Michel Puech vous enseignez la philosophie à l’université Paris-Sorbonne et vous êtes l’auteur de Développement durable : un avenir à faire soi-même, paru aux éditions Le Pommier dans la collection Mélétè.
Quelle est votre définition du développement durable, quel rapport y a-t-il entre la philosophie et le développement durable, et pourquoi avoir ressenti le besoin d’écrire cet essai ?

J'essaie de m'exprimer lorsque j'ai quelque chose à dire, et pour ce livre c'était de l'ordre de l'exaspération : comment se fait-il que nous n'arrivions à rien avec de si grandes idées ? En effet, je suis convaincu que dans le « développement durable » comme mouvement d'idées, il y a les questions réelles et fondamentales que nous devons nous poser, dans la phase actuelle, non seulement de notre société mais de notre civilisation, et en fait de notre espèce. C'est donc très philosophique en soi. Mais le besoin de philosophie, comme analyse critique de la modernité, vient surtout du besoin de comprendre pourquoi notre manière de traiter ces bonnes questions ne fonctionne pas. Mon hypothèse est la suivante : cela ne marche pas parce que nous confondons les problèmes avec les solutions, nous continuons à fonctionner de la manière qui nous a conduit à cette situation « non-soutenable ».

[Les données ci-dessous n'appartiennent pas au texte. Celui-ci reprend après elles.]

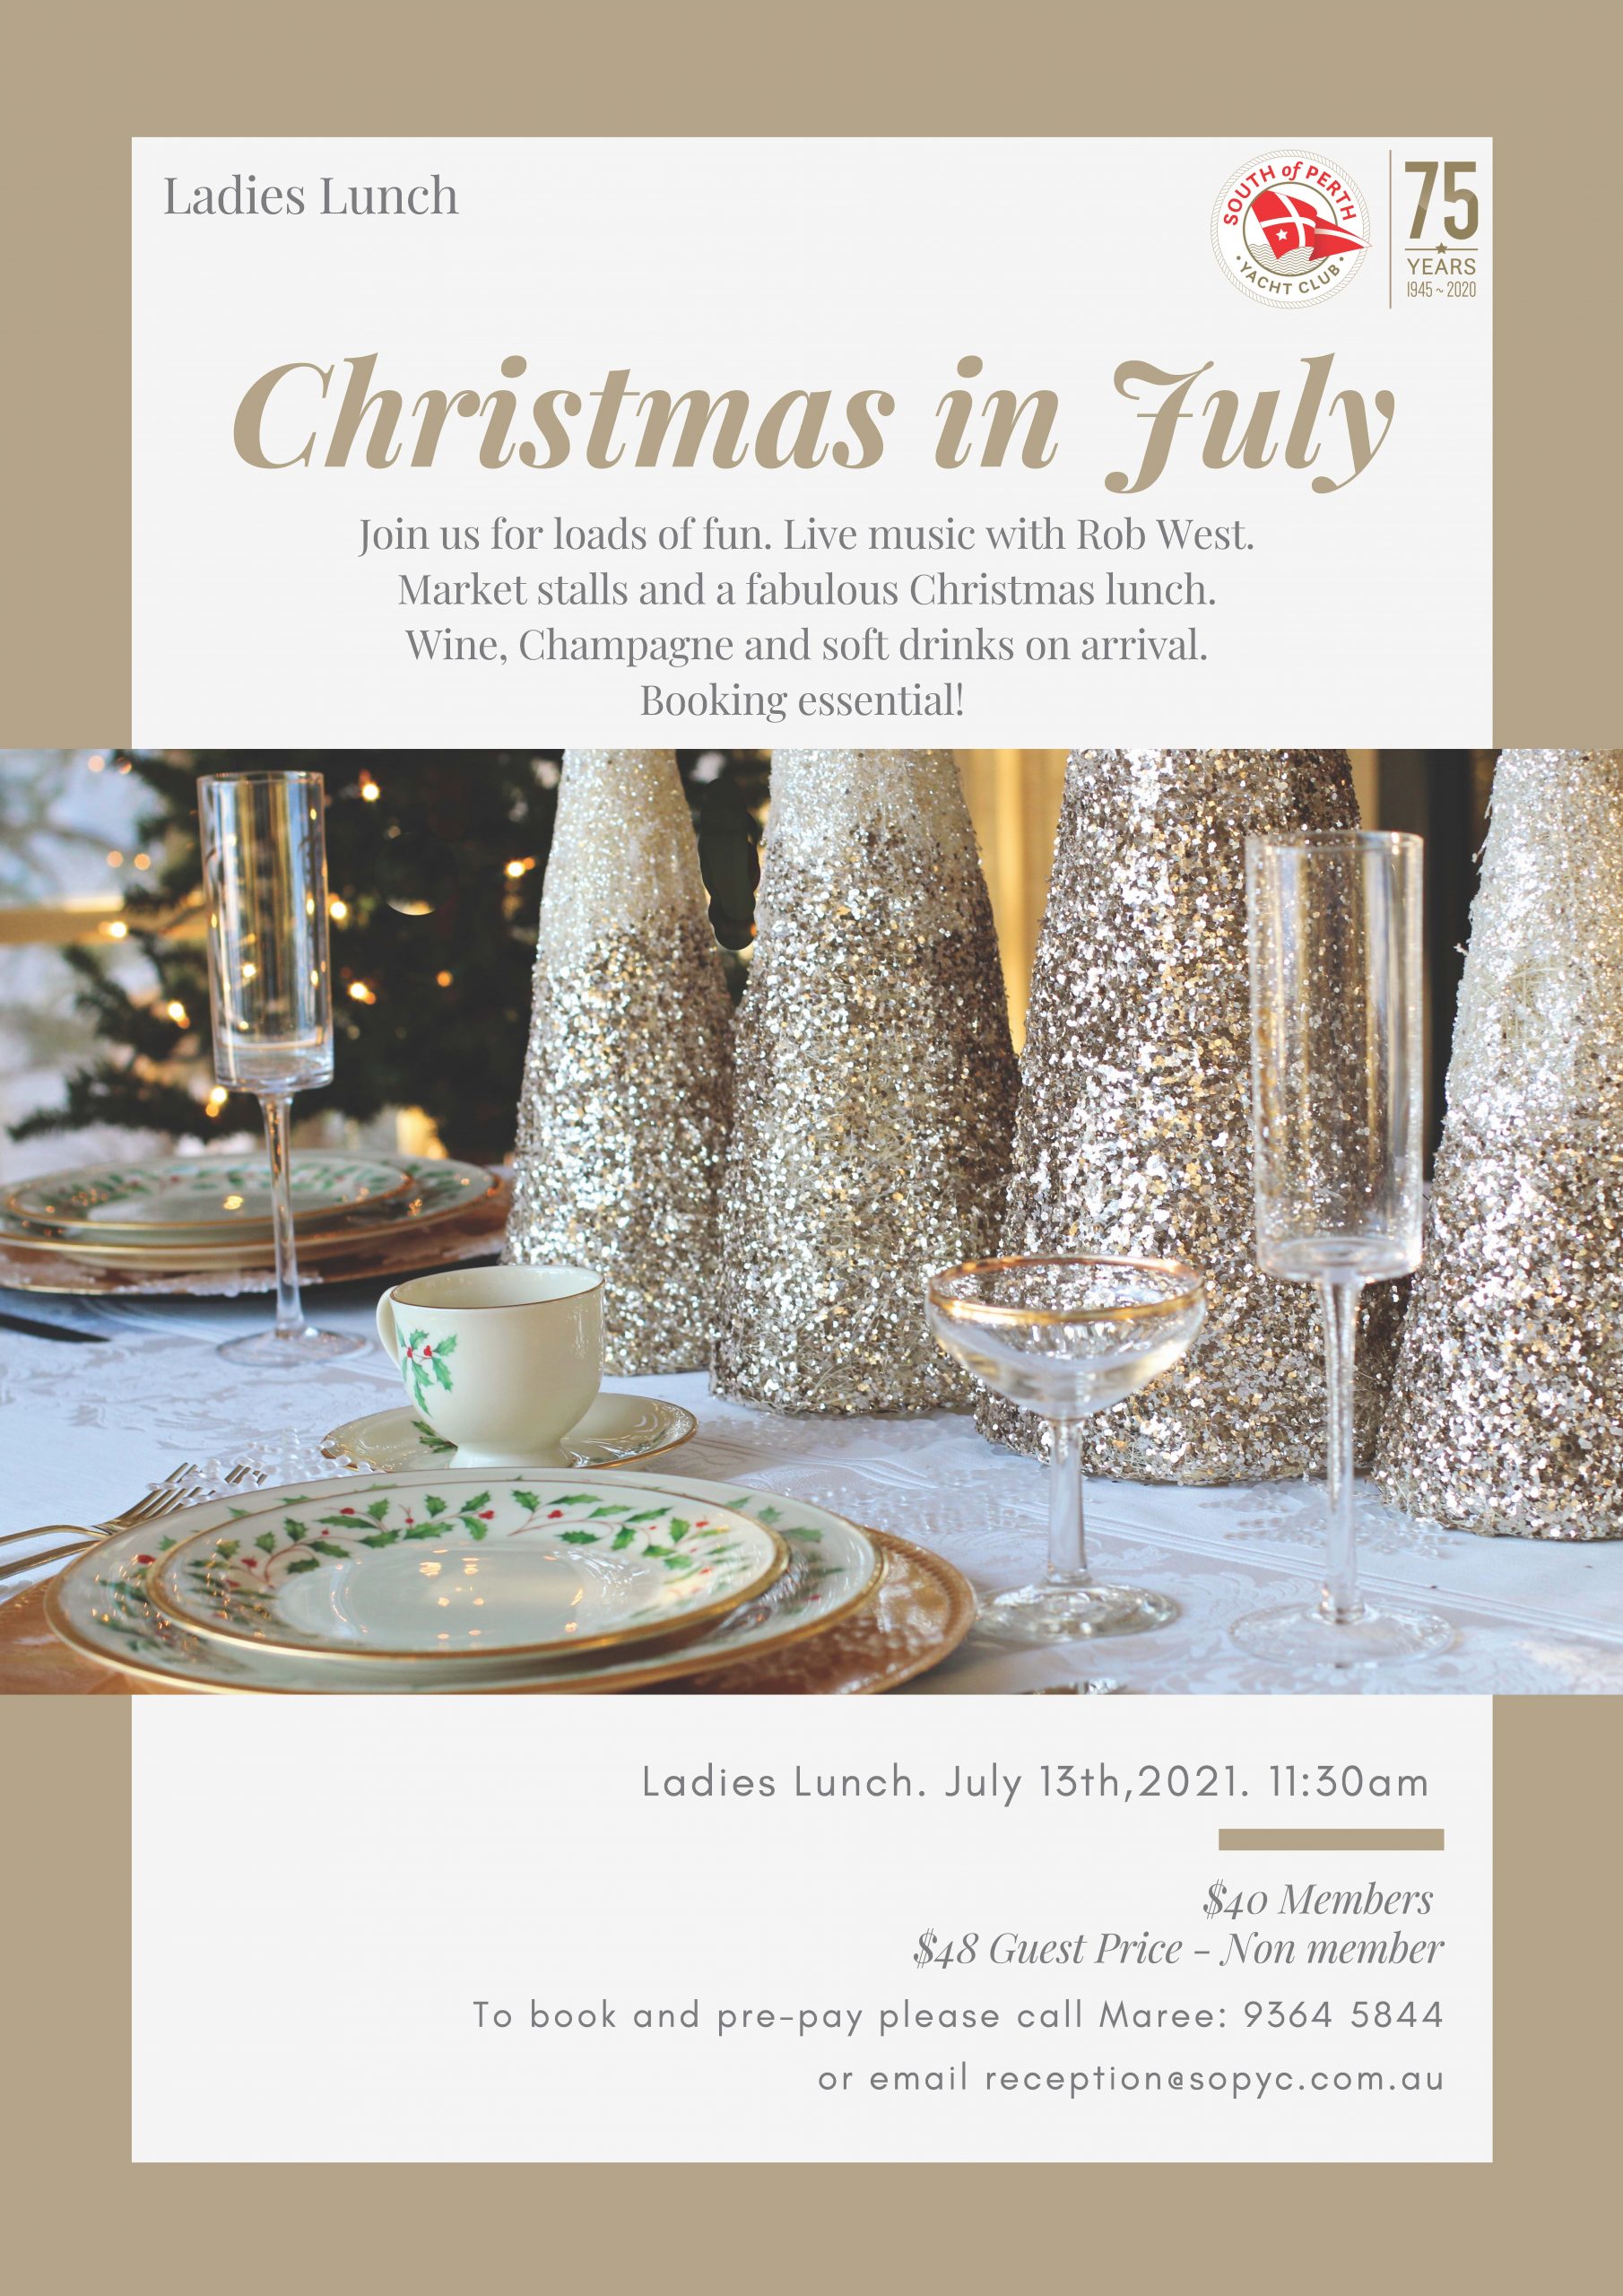 Ladies Lunch - Christmas in July FULLY BOOKED
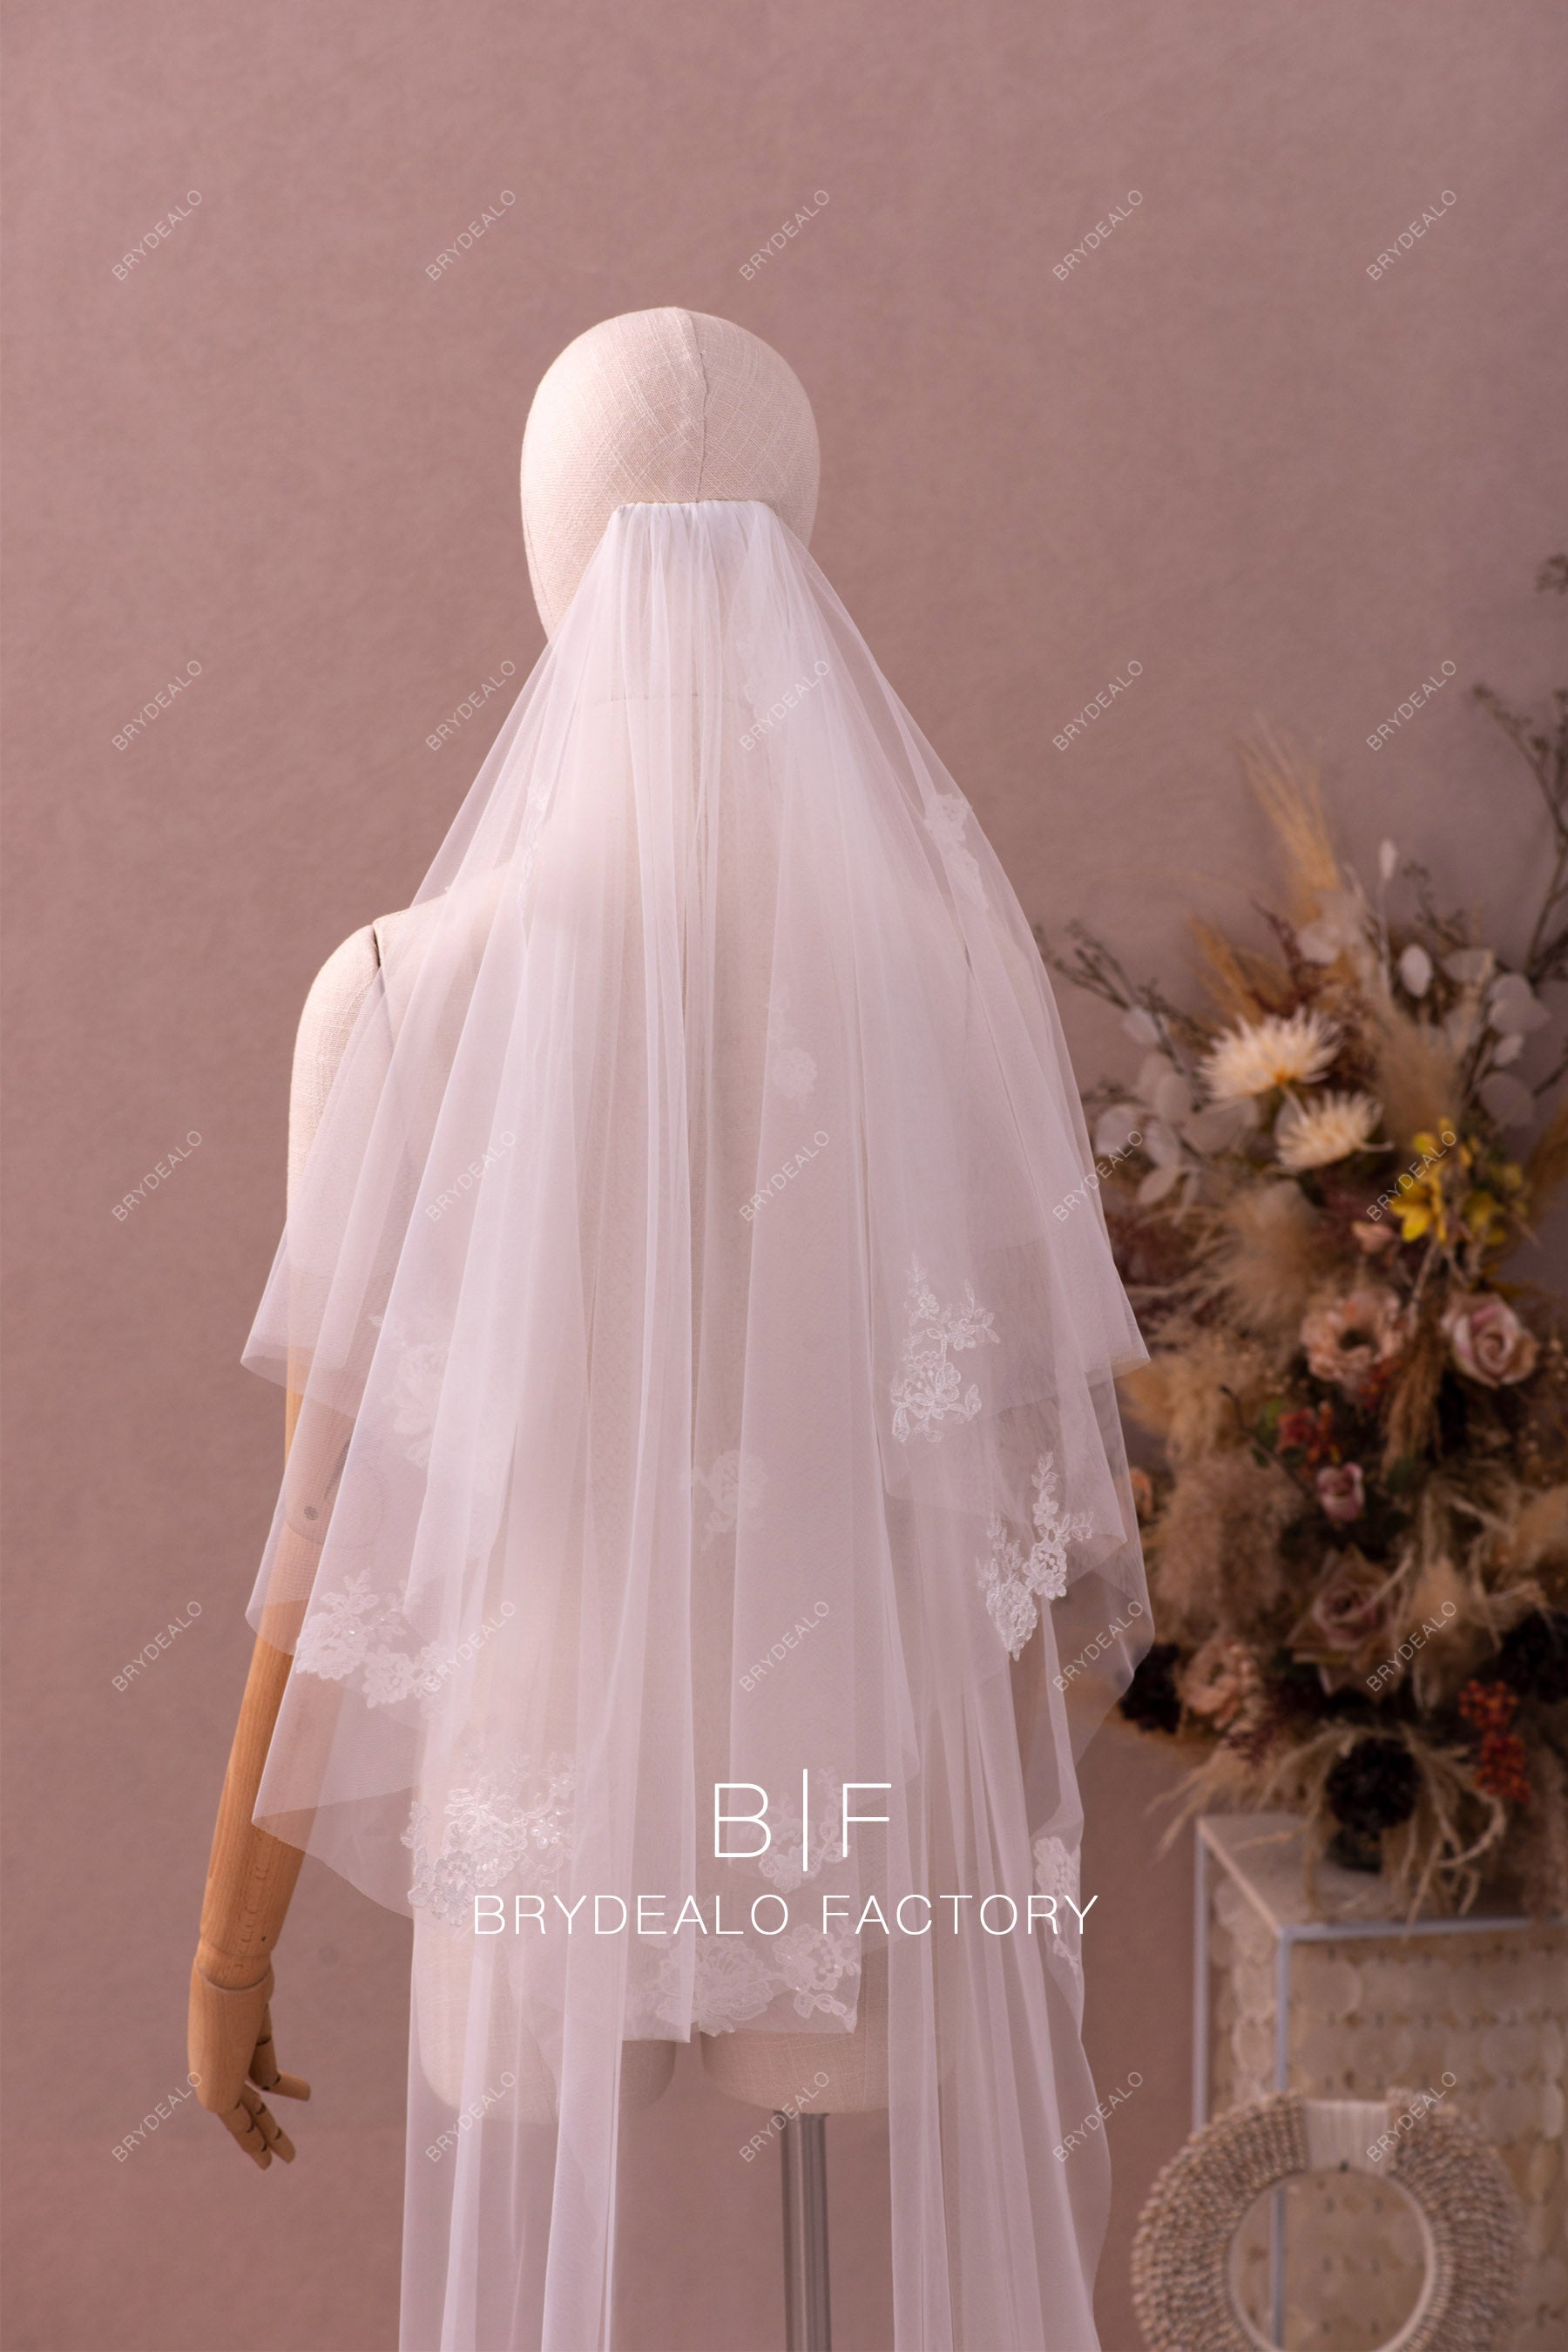 Elegant Two Tier Shimmery Flower Lace Tulle Bridal Veil

Le développement durable n’est-il pas devenu au fil du temps un slogan commode permettant un
greenwashing à la fois mercantile et politique ? La notion de « développement durable » n’est-elle pas dès le départ biaisée par la confusion qui règne autour du terme, et cette confusion n’est-elle pas en réalité plus ou moins organisée par les « pouvoirs » ?

Exactement ! Le développement durable a été aspiré par la superficialité et le vide de sens qui caractérise l'idéologie soft de notre époque. Il se décrédibilise à une telle vitesse que la notion est peut-être condamnée, en tout cas je préfère dès maintenant parler de «soutenable» que de « développement durable » pour éviter justement cet effet de greenwashing, de politiquement correct vide de sens.
Qu'il y ait manipulation derrière ce phénomène, oui, bien sûr. Mais ne tombons pas une théorie du complot impliquant les « pouvoirs ». Les pouvoirs, politiques et économiques, mais aussi et surtout les institutions (politiques et économiques aussi), utilisent à leur profit l'extraordinaire confusion des idées dont nous sommes tous responsables, autour du développement durable. Le statu quo actuel, grands discours et aucun changement réel, semble convenir à tout le monde, nous n'avons pas besoin d'être manipulés pour être irresponsables...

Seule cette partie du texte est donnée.